Профессор неожиданно перестал играть и уставился в окно. В небе появились проталинки анемичной голубизны.
- Вам знакомо, что я играл? - он повернулся ко мне и уголки его рта желчно опустились.
- Я плохо знаю музыку. Может быть, это Бах, или Мендельсон, Или Хиндемит...
- Случайно попали. Бах. - Он кивнул головой, и обрюзгшие щеки его обозначились еще резче. - Месса h-moll. Эти пьесы написаны для органа и большого оркестра. Синтез полифонии и контрапункта... Но не в том суть. Вы можете и не знать Баха. Совсем не обязательно его знать. Но... могли бы вы передать хоть часть тех ощущений, которые испытывали, слушая музыку? Или вы ничего не испытывали?

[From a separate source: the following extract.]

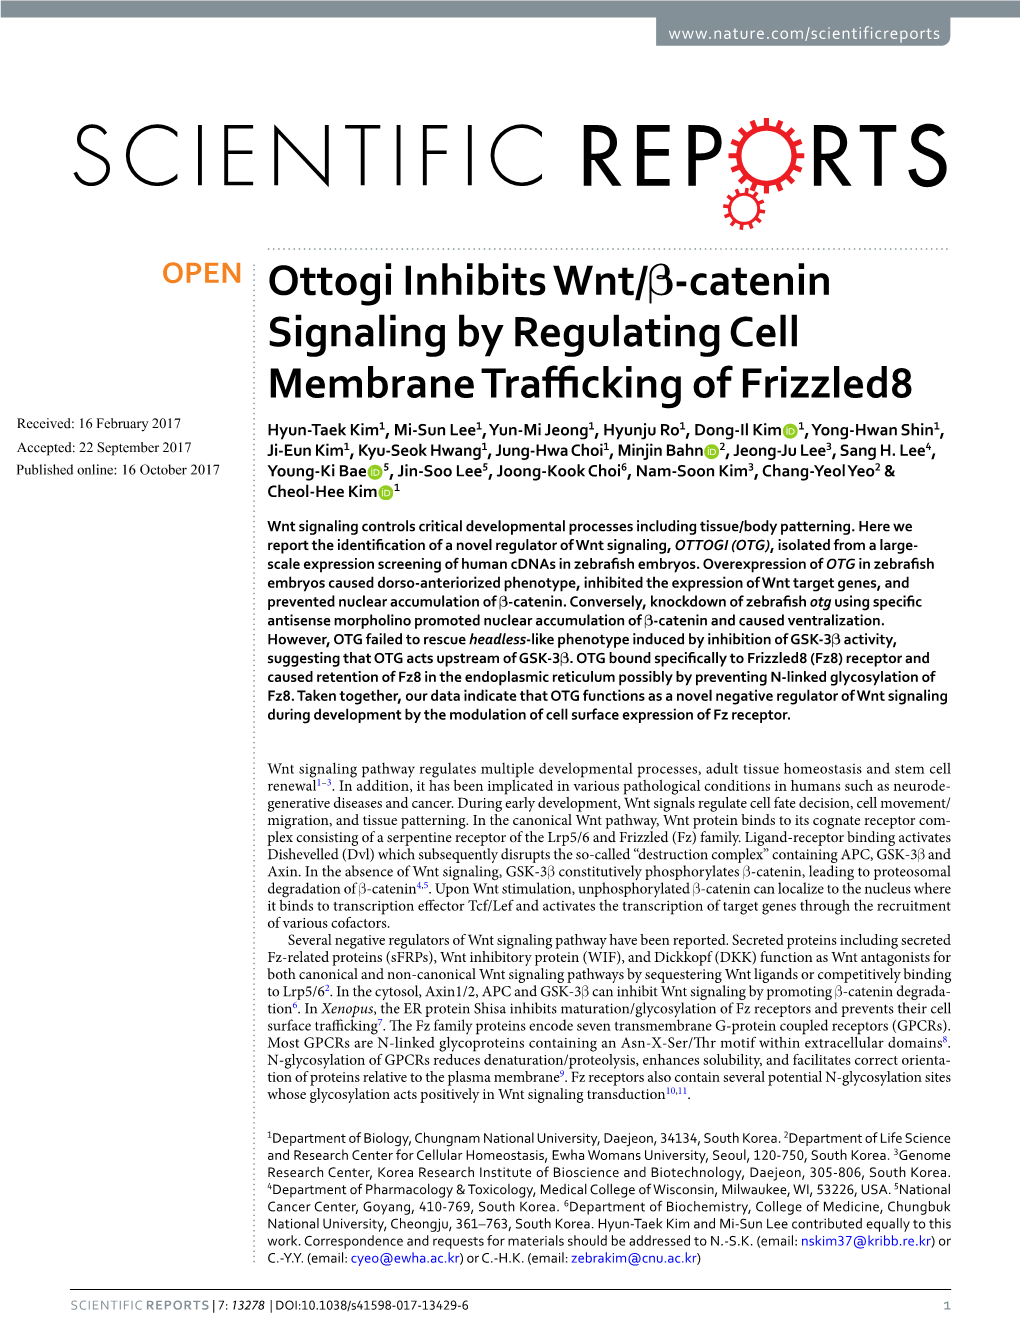 Ottogi Inhibits Wnt/Β-Catenin Signaling by Regulating Cell Membrane
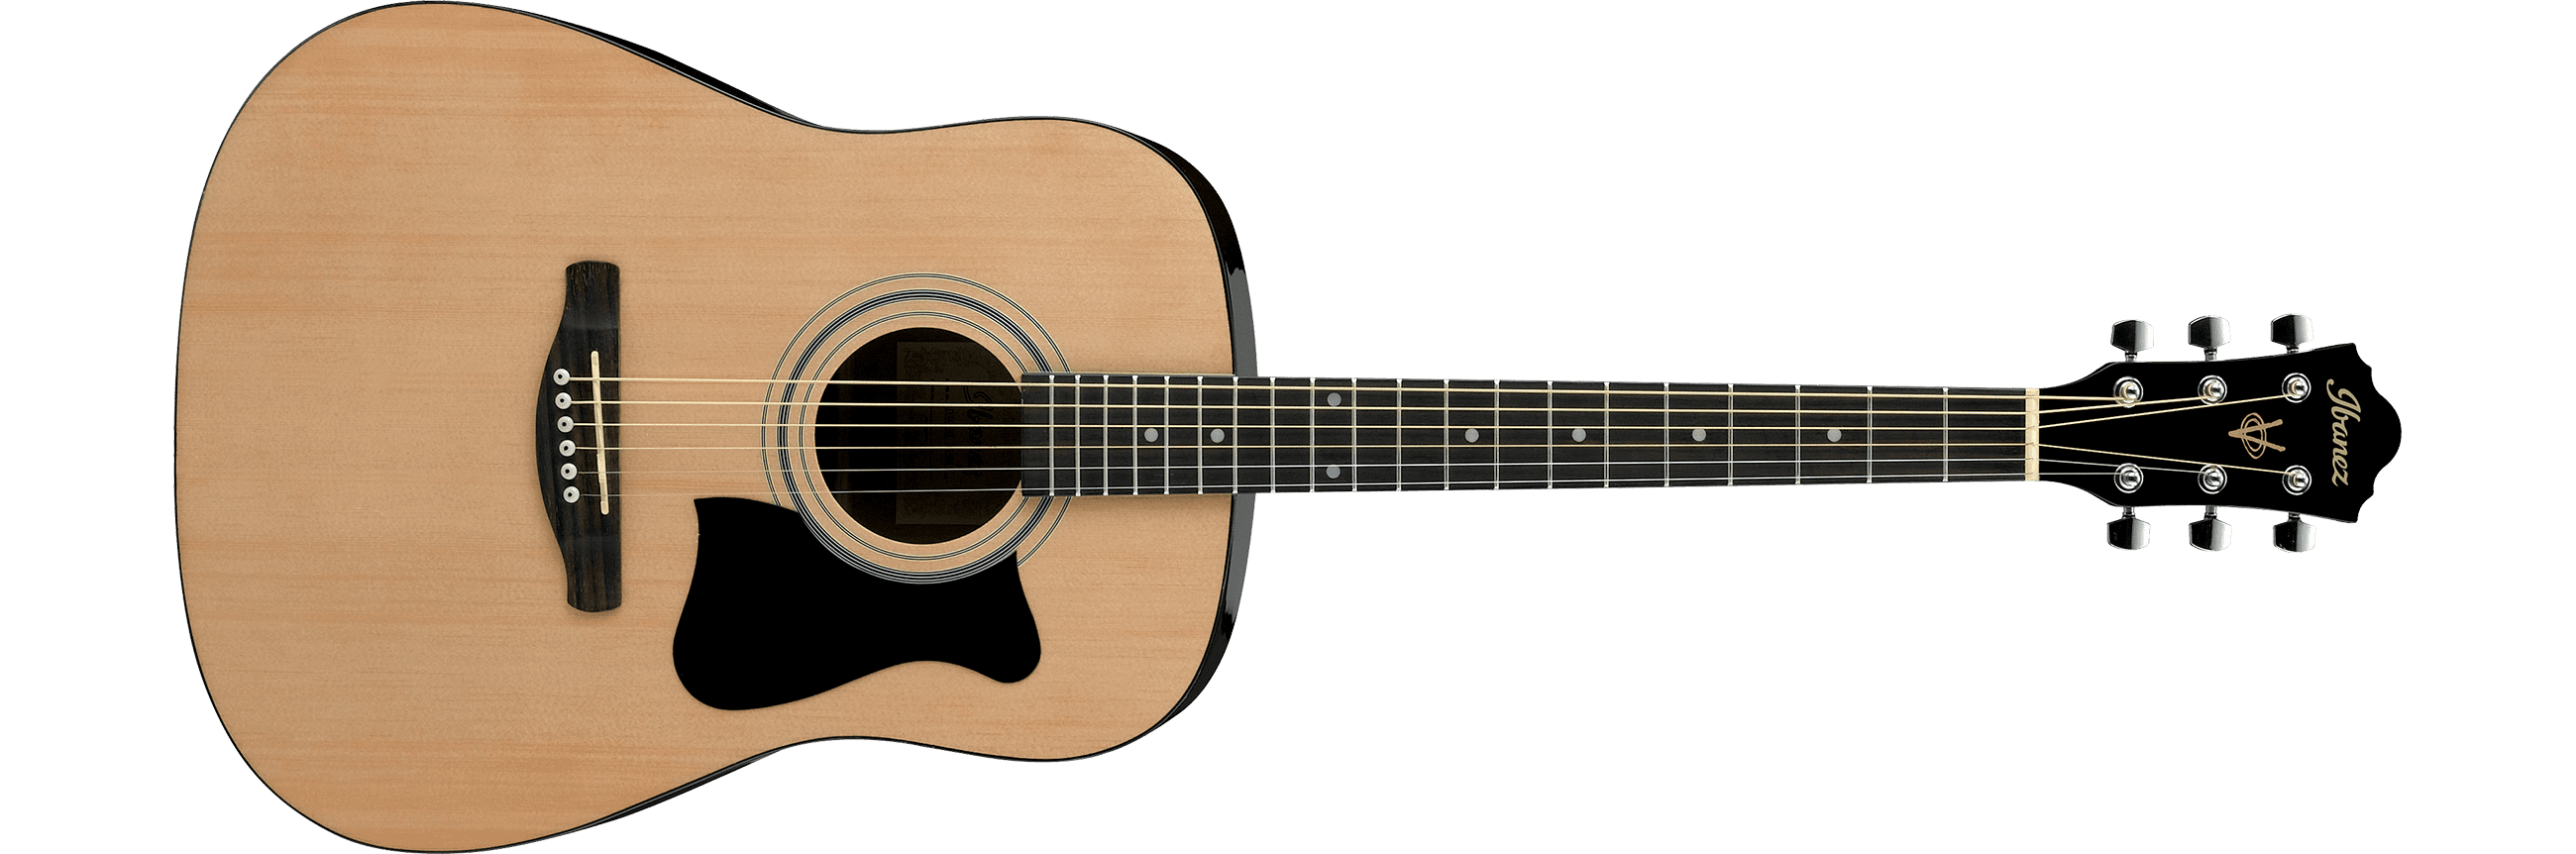 Ibanez IJV50 Dreadnought Quick Start Acoustic Guitar Jampack Includes Gigbag

- Сейчас мне кажется, что мог бы. Я представлял себе это очень ярко.
- Что представляли?
- Музыку, которую вы играли.
- Это же абстрактнейшая вещь? - искренне удивился он.
- Все равно, были какие-то картины... Не сюжетные, нет, скорее олицетворение. Такой метафорический сгусток, - мне было трудно выразить свою мысль.
- Нечто вроде теории символов, - шепнул профессору Криш. - Может быть, именно здесь и заложен мост? Символ эмоции сначала рождает информацию о ней, а потом информационный пакет становится эмоциональной производной. Как вы думаете?
- Об этом потом, - оборвал его профессор и, наставив на меня распухший изуродованный палец, спросил, точно хлестнул бичом. - Вы знаете каббалу?
- Что-то читал об этом, но... Нет, не знаю.
- И я тоже не знаю. И знать не хочу. Но мне нужен кусочек пергамента с каббалистическими письменами. Дайте мне его.
- Н-но у меня же нет...
- Есть! Вы об этом не знаете, а мы знаем... Как меня зовут?
- Что?
- Я спрашиваю вас, как меня зовут.
- Господин профессор Бецалелис. - Я вспомнил предупреждение Криша и уже ничему не удивлялся.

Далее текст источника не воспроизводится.